■ **THE TASK**: Restate the data word for word and leave the images out.

■ **COLLECTED MATERIAL**:
********

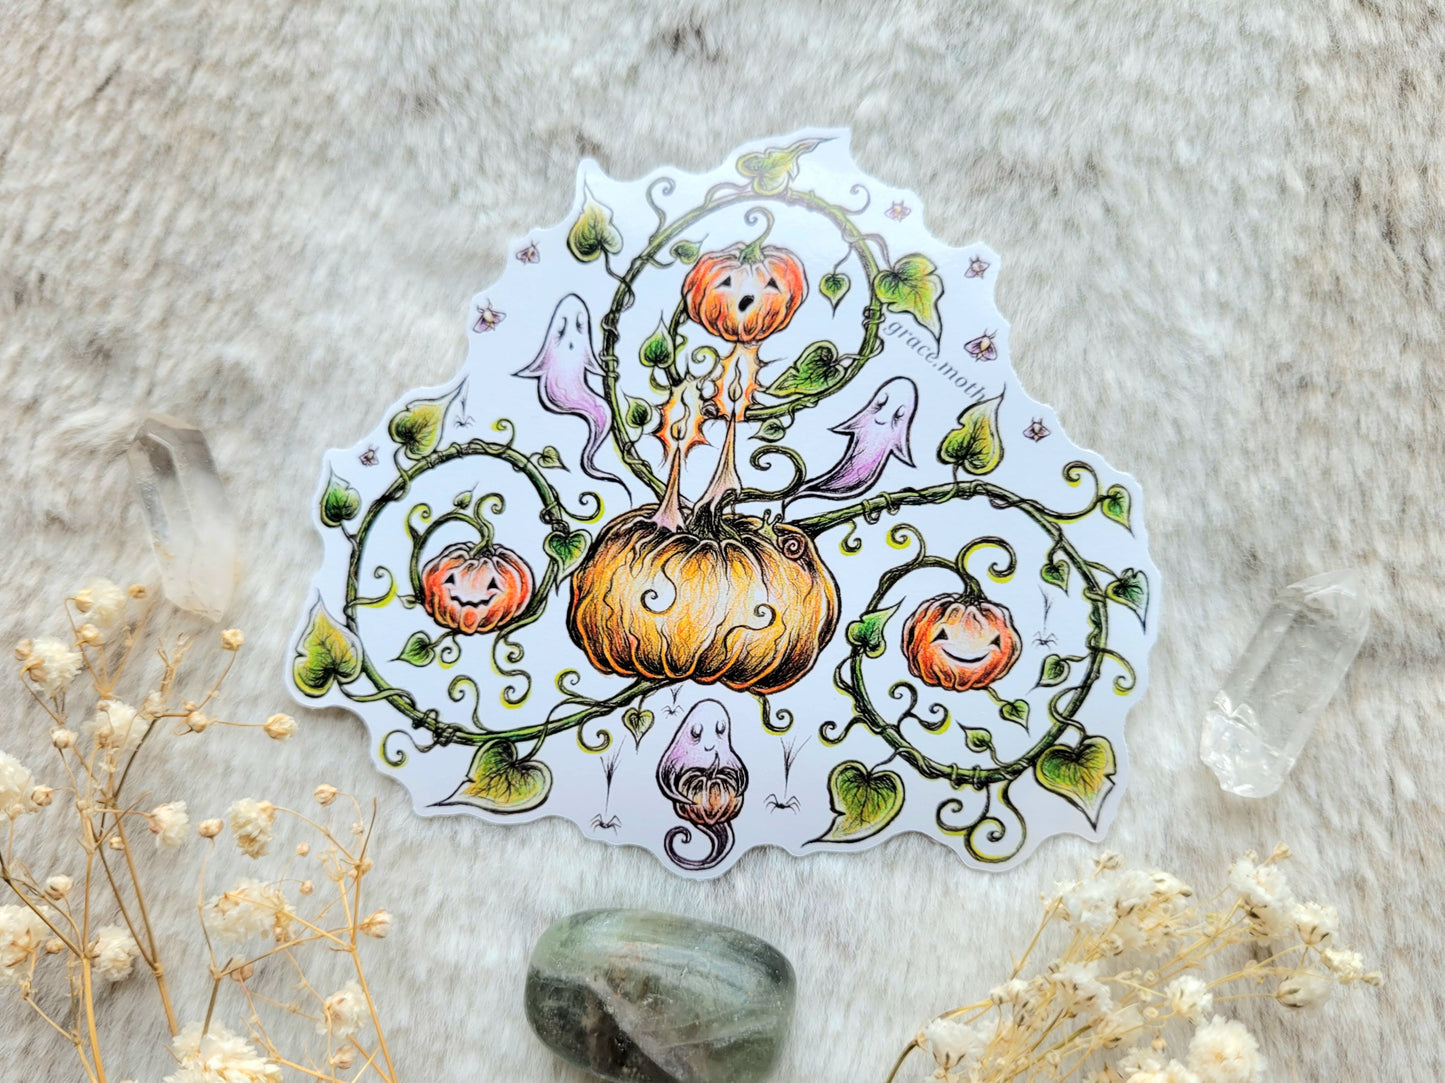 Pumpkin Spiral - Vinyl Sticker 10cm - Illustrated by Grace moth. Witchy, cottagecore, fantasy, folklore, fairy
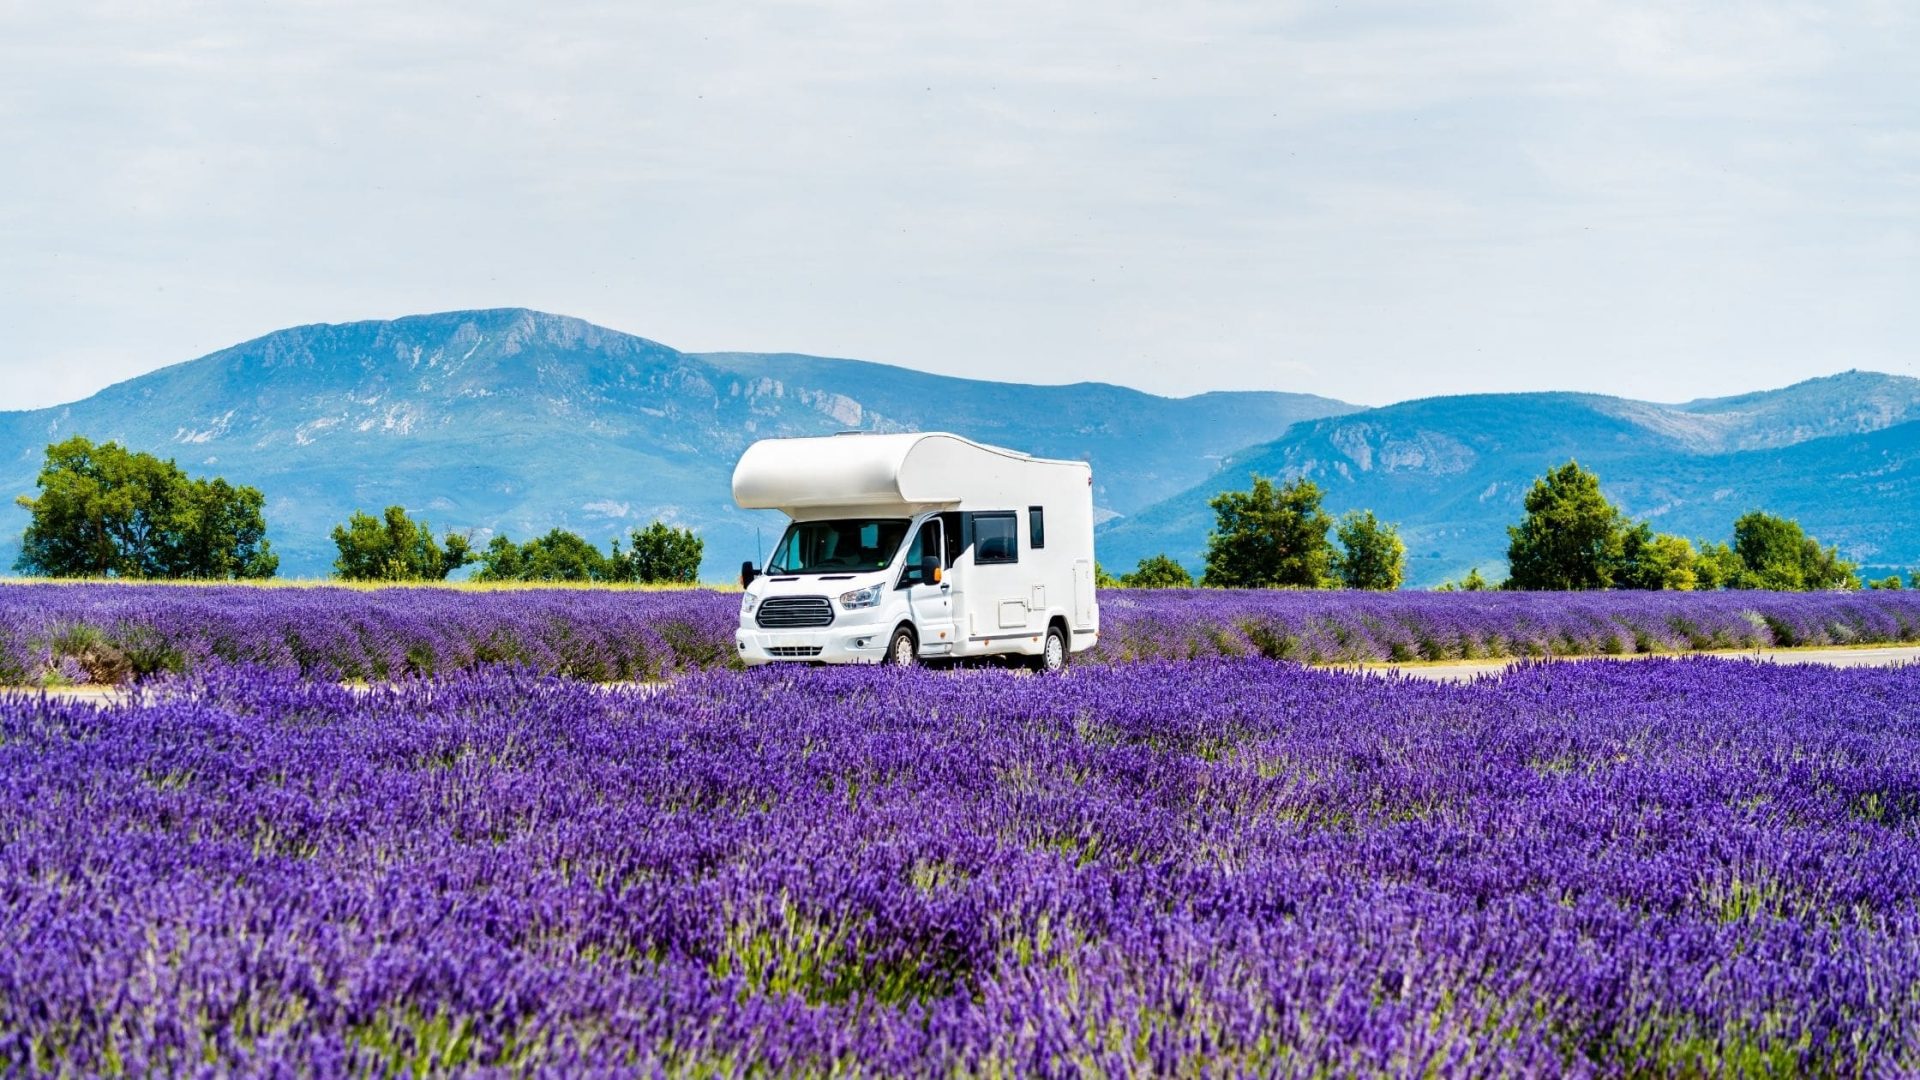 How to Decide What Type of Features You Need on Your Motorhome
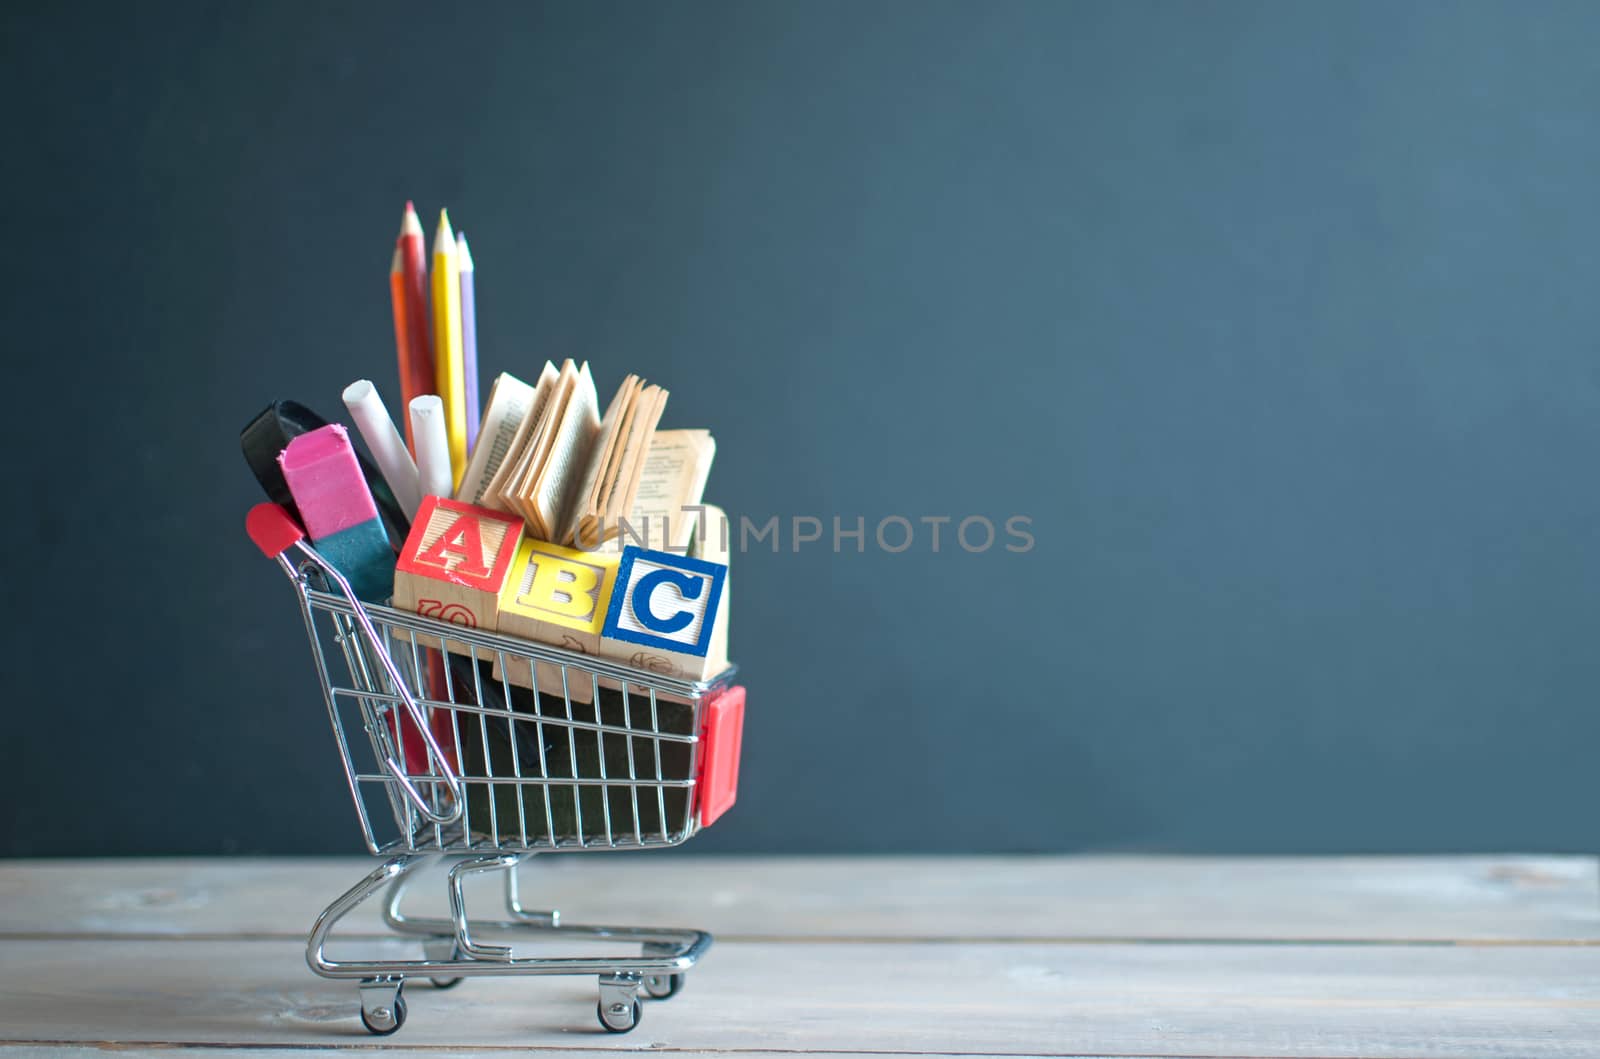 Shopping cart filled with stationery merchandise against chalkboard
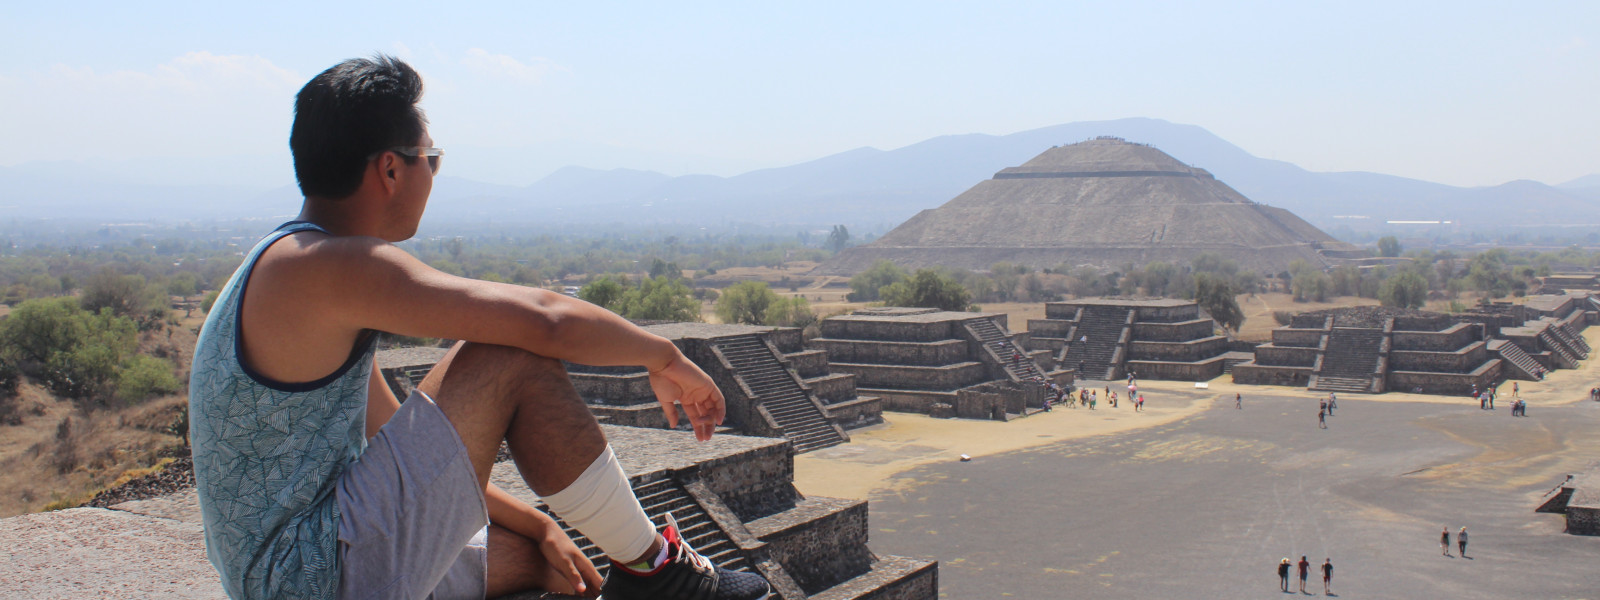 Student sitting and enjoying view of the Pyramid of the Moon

********

■ **EXERCISE SOLUTION**:
 Pumpkin Spiral - Vinyl Sticker 10cm - Illustrated by Grace moth. Witchy, cottagecore, fantasy, folklore, fairy
 How to Decide What Type of Features You Need on Your Motorhome
 Shopping cart filled with stationery merchandise against chalkboard
 Student sitting and enjoying view of the Pyramid of the Moon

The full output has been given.